- [Supplied information]:
==================================================
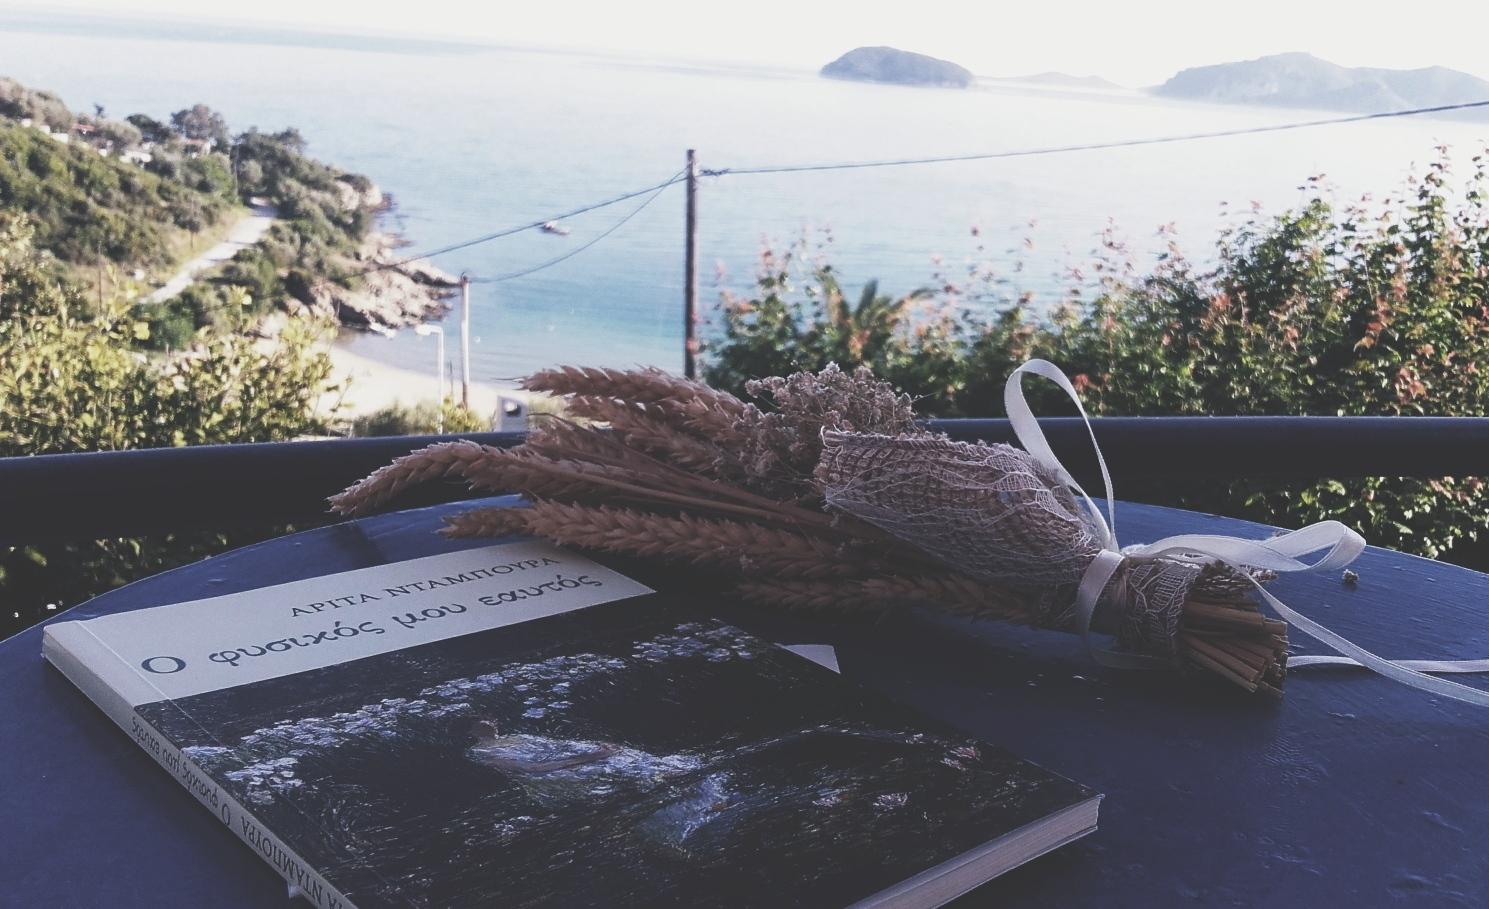 Ο Φυσικός μου Εαυτός, Αρίτα Νταμπούρα ~ 2017, Κριτική της Μαρίας Νάστου. Μία ποιητική συλλογή γεμάτη εικόνες και συναισθήματα για τον αναγνώστη.ο φυσικός μου εαυτός κριτική
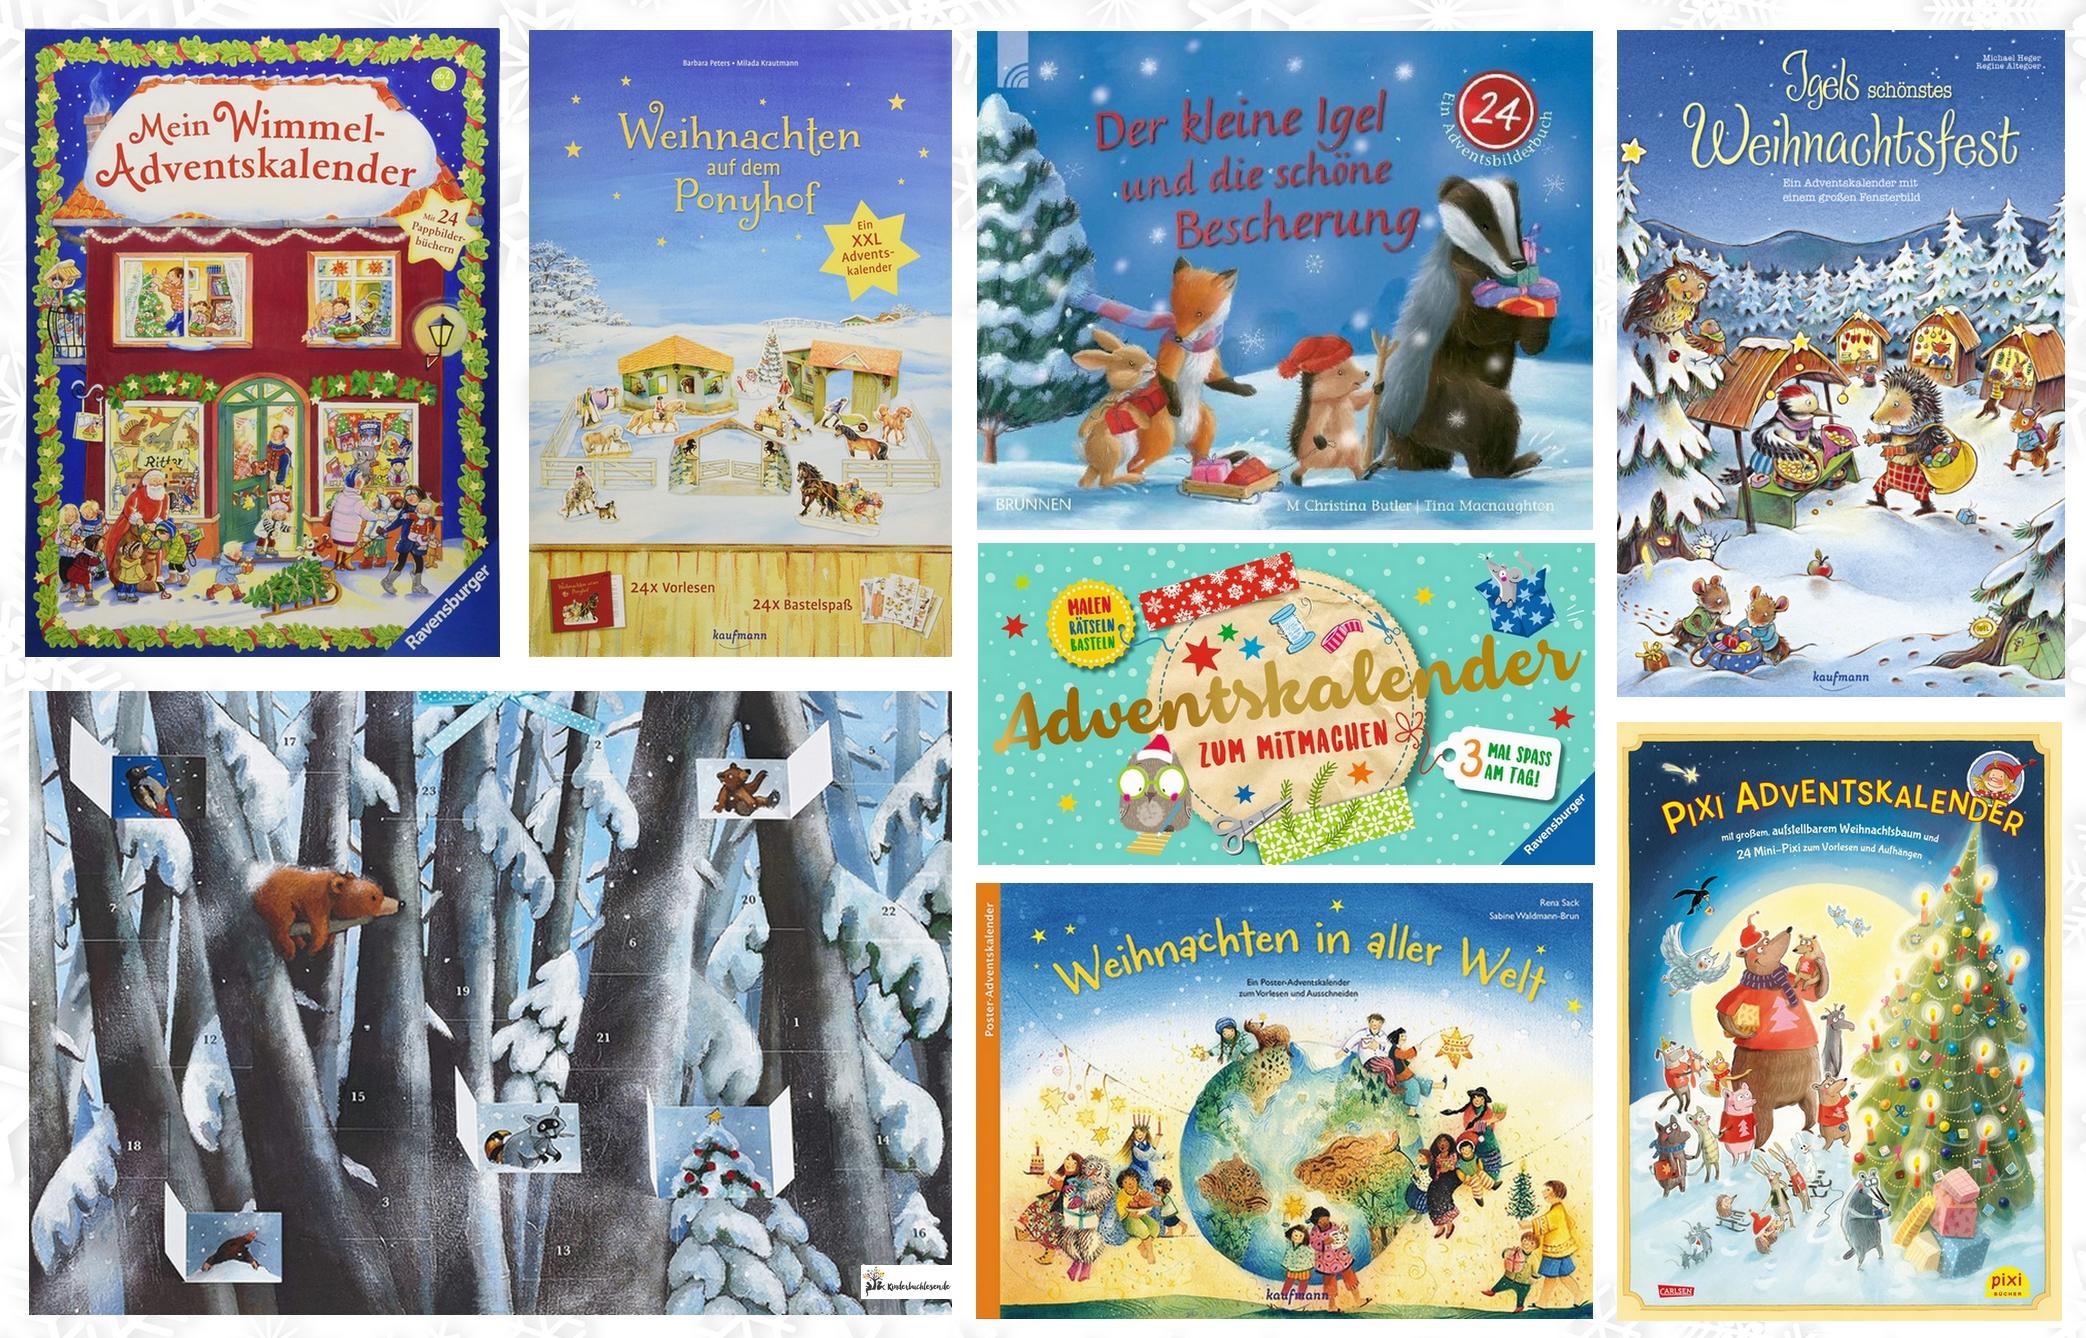 Adventskalender Mit 24 Mini Büchern Kinderbuchlesen De
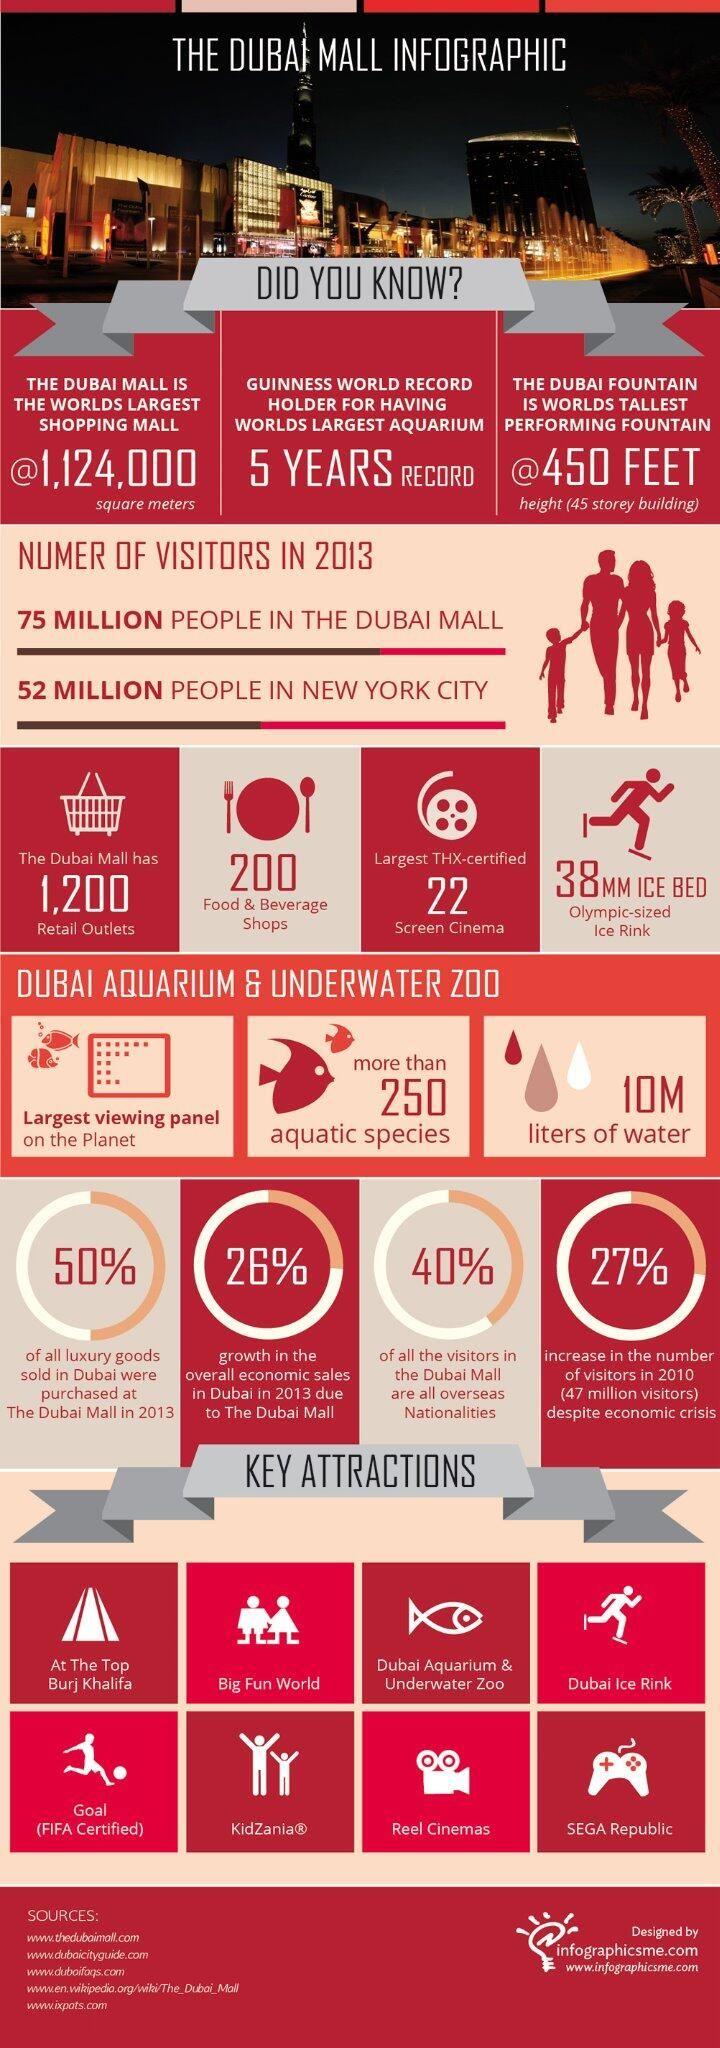 The Dubai Mall Infographic #Dubai #UAE #Infographic http://infographicsme.com/dubai-mall.php pic.twitter.com/cuH1Q725sw
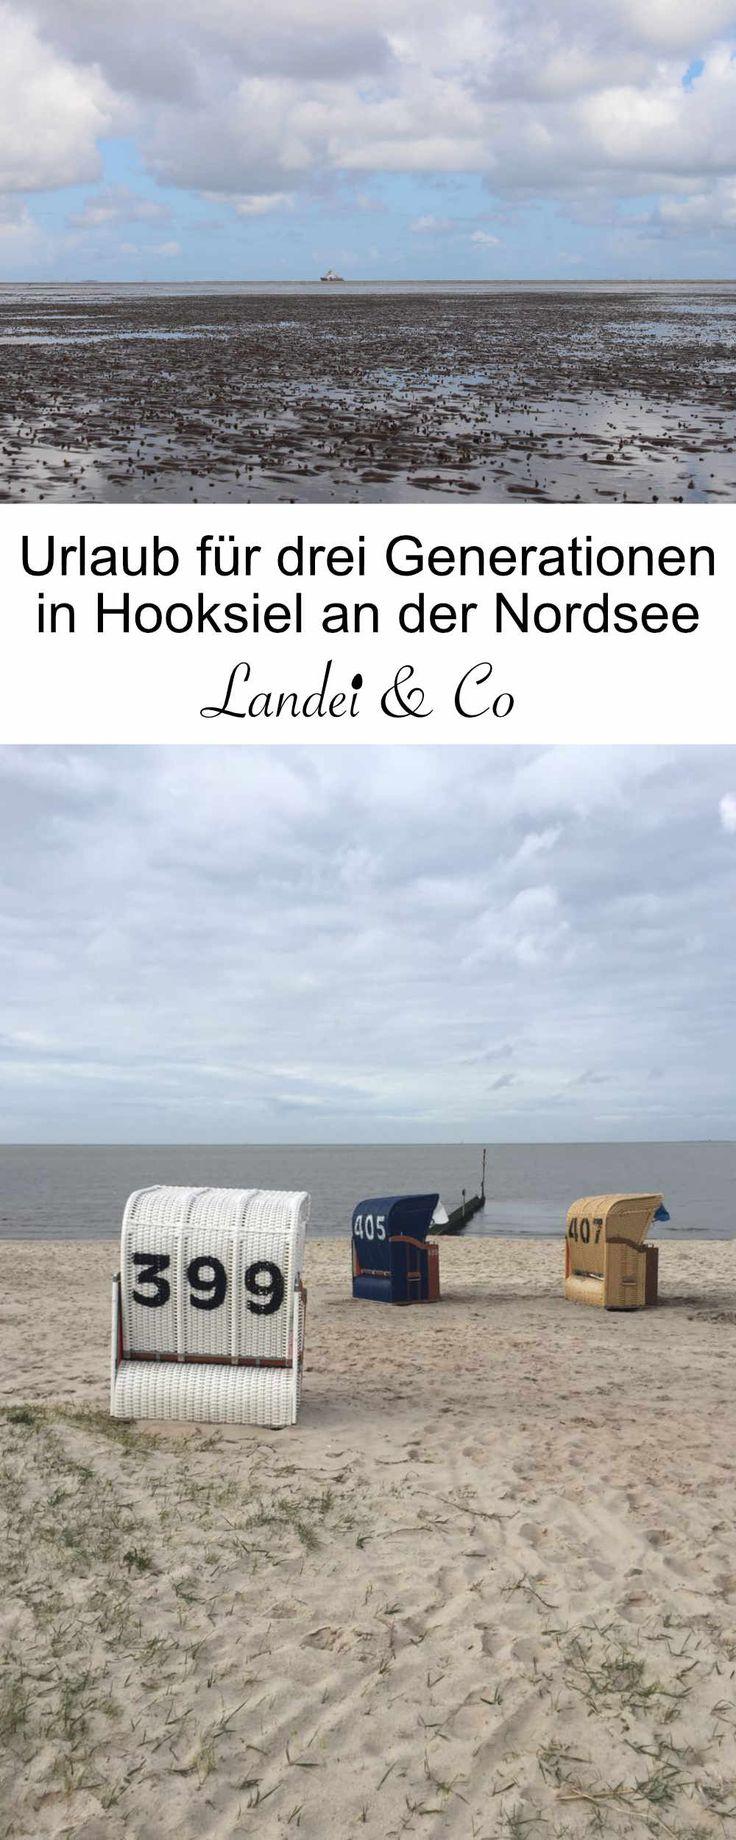 Ferien mit Kindern und Großeltern an der Nordsee! Hooksiel in Ostfriesland - Tipps und Ideen für Euren nächsten Urlaub!
==================================================
- [Task prompt]:
From the line containing "Adventskalender Mit 24" through the final line of the listing, copy every line exactly and nothing else. Skip the pictures.

- [Task solution]:
 Adventskalender Mit 24 Mini Büchern Kinderbuchlesen De
 The Dubai Mall Infographic #Dubai #UAE #Infographic http://infographicsme.com/dubai-mall.php pic.twitter.com/cuH1Q725sw
 Ferien mit Kindern und Großeltern an der Nordsee! Hooksiel in Ostfriesland - Tipps und Ideen für Euren nächsten Urlaub!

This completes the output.